Close Combat and Combat Mission both inspired later computer games which are beyond the scope of this article, including GI Combat (a 3D version of CC which also inspired Eric Young's Squad Assault and CMX2, a second-generation version of the Combat Mission game engine. None of these later offspring of CC or CM were directly related to ASL, and both series took on lives of their own.

WW2T is a 2D computer game for PC, Linux and Mac OSX based on the ASL rule set. The game has been released in 2015 and is currently in Alpha version. It can be played in hotseat mode, against another opponent in a LAN or online via a webservice. The rule set so far covers infantry and ordnance but is permanently extended. It also features a simple map and scenario editor to create your own matches. All ASL rules are fully validated by the game engine so new players without extended knowledge of the game rules should be able to play more rapidly.

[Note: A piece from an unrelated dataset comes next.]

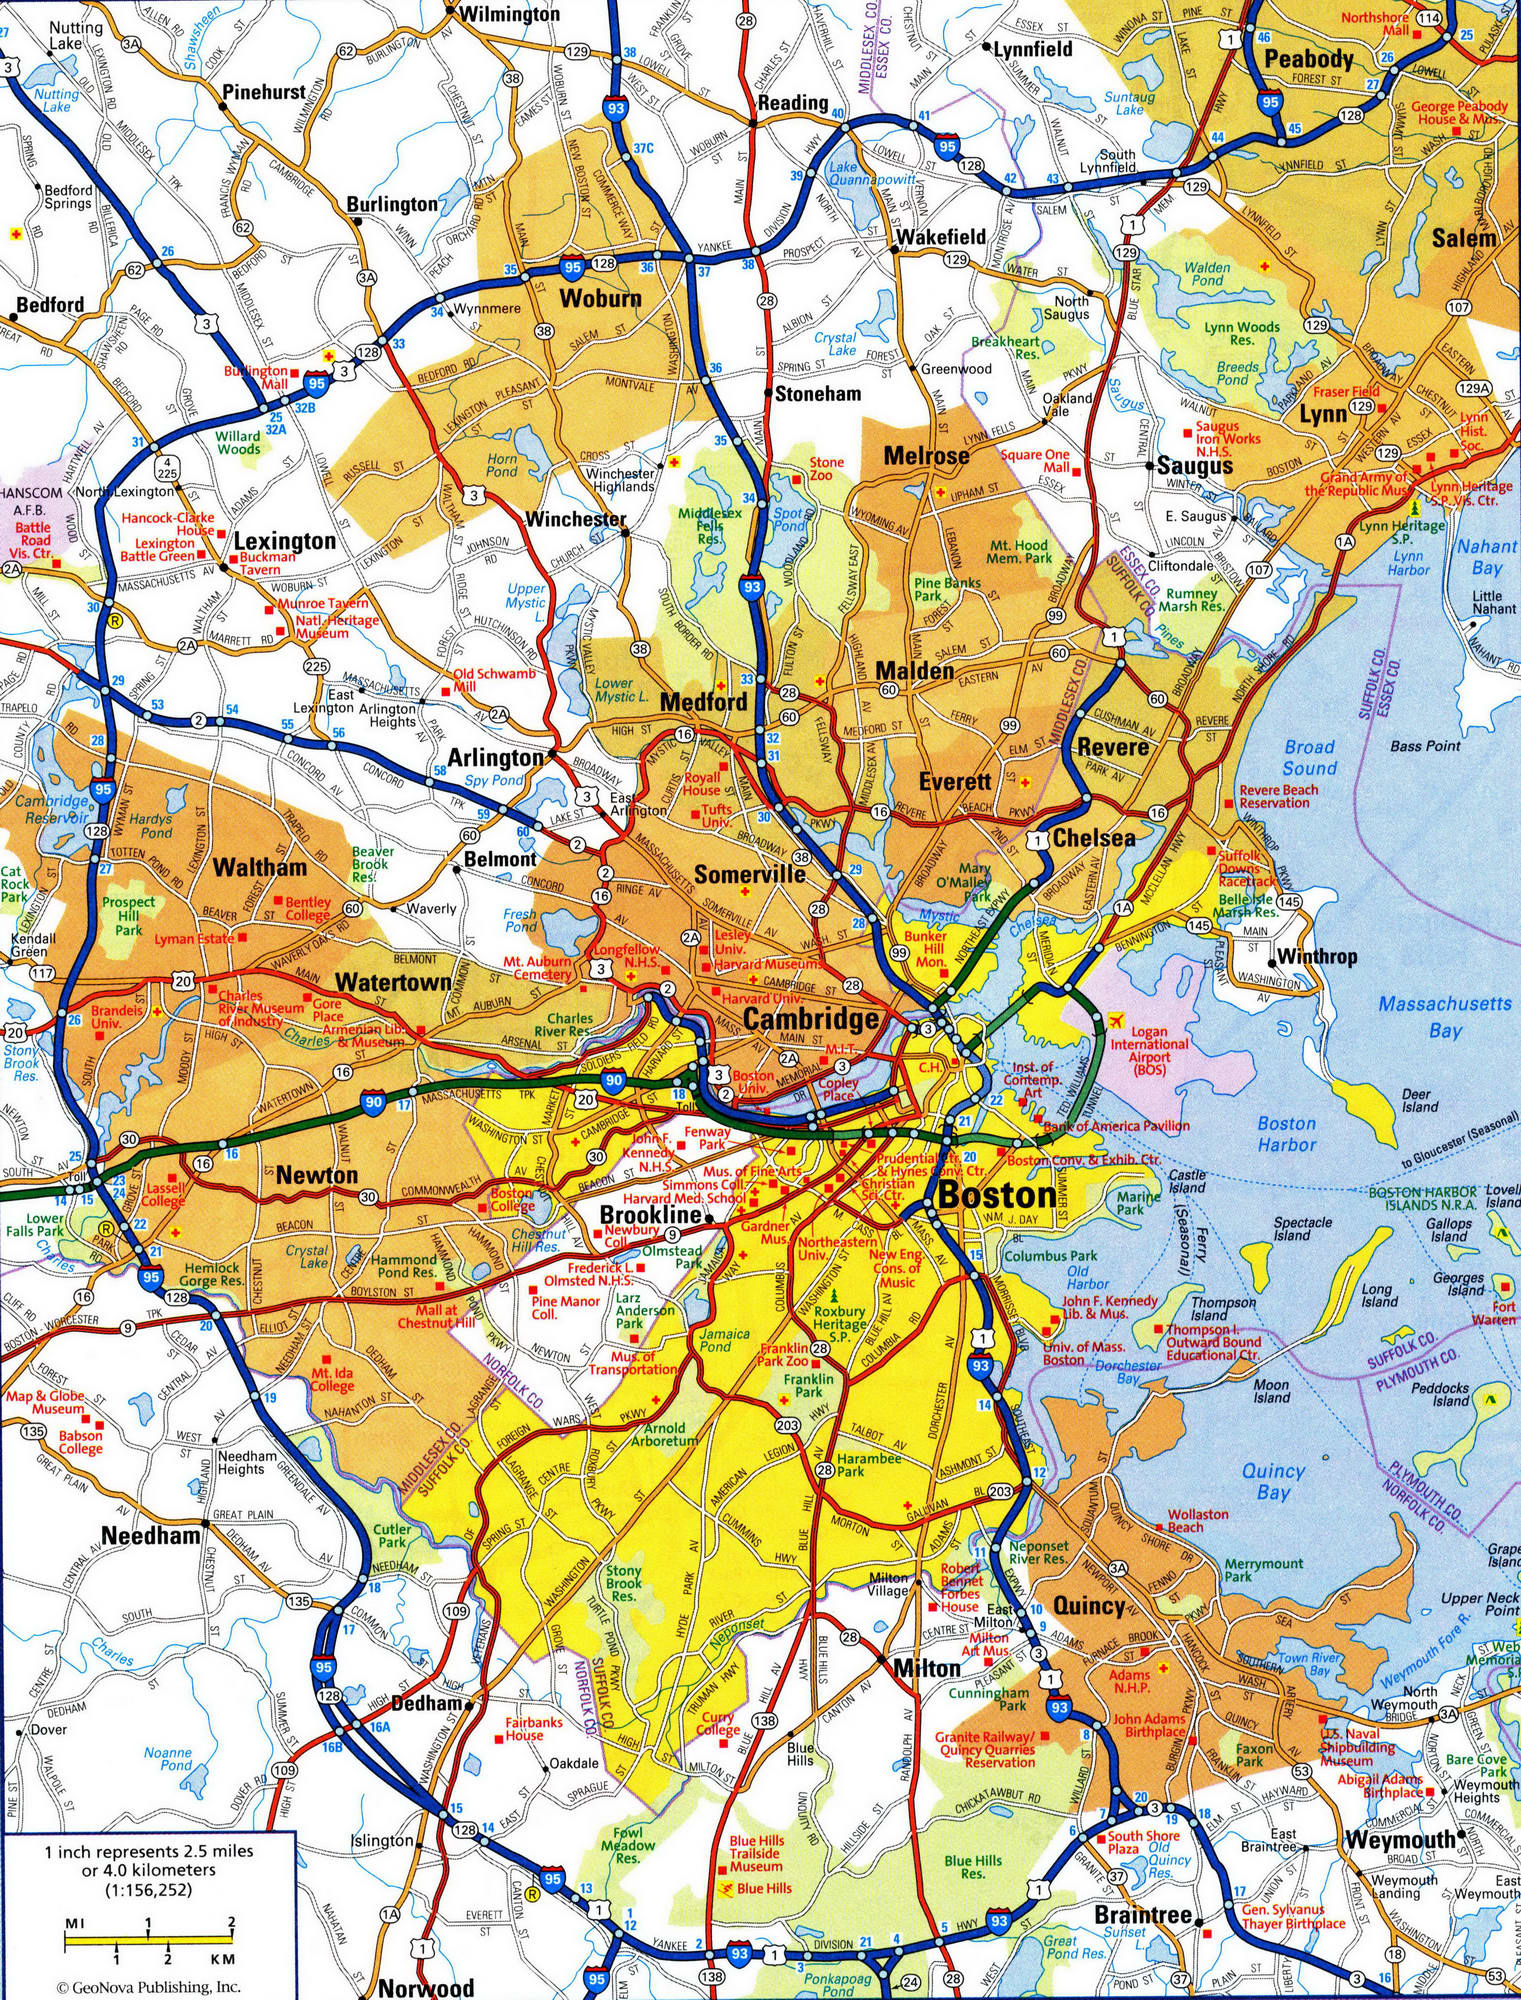 Detailed map of Boston

===Avalon Hill's Squad Leader===

Hasbro eventually permitted the release of a game called Avalon Hill's Squad Leader The game, released by MicroProse in 2000 (but developed by Random Games), bore no resemblance to either Squad Leader or Advanced Squad Leader, was well behind industry standards in terms of graphics and gameplay, had an awkward interface and was on a completely different scale than the actual SL and ASL games.

===Virtual Advanced Squad Leader===

The most successful literal adaptation of ASL to the computer has been Virtual Advanced Squad Leader, designed by Rodney Kinney as described above. VASL still officially requires ownership of the physical components of the games, however, or at least of the printed scenario cards, reference cards, and rulebook. In addition to possession of these physical components, a detailed understanding of the rules must be expected of players, as the computer version does not enforce rules - it merely serves as a means of manipulating 2-dimensional virtual game boards and pieces in an online environment facilitating long distance play, either by email or in real time. The closest the game comes to performing any of the "chores" of playing ASL is by providing random dice roll results for both players and recording moves from hex to hex on the mapboards. Some LOS calculations can also be made by the computer engine.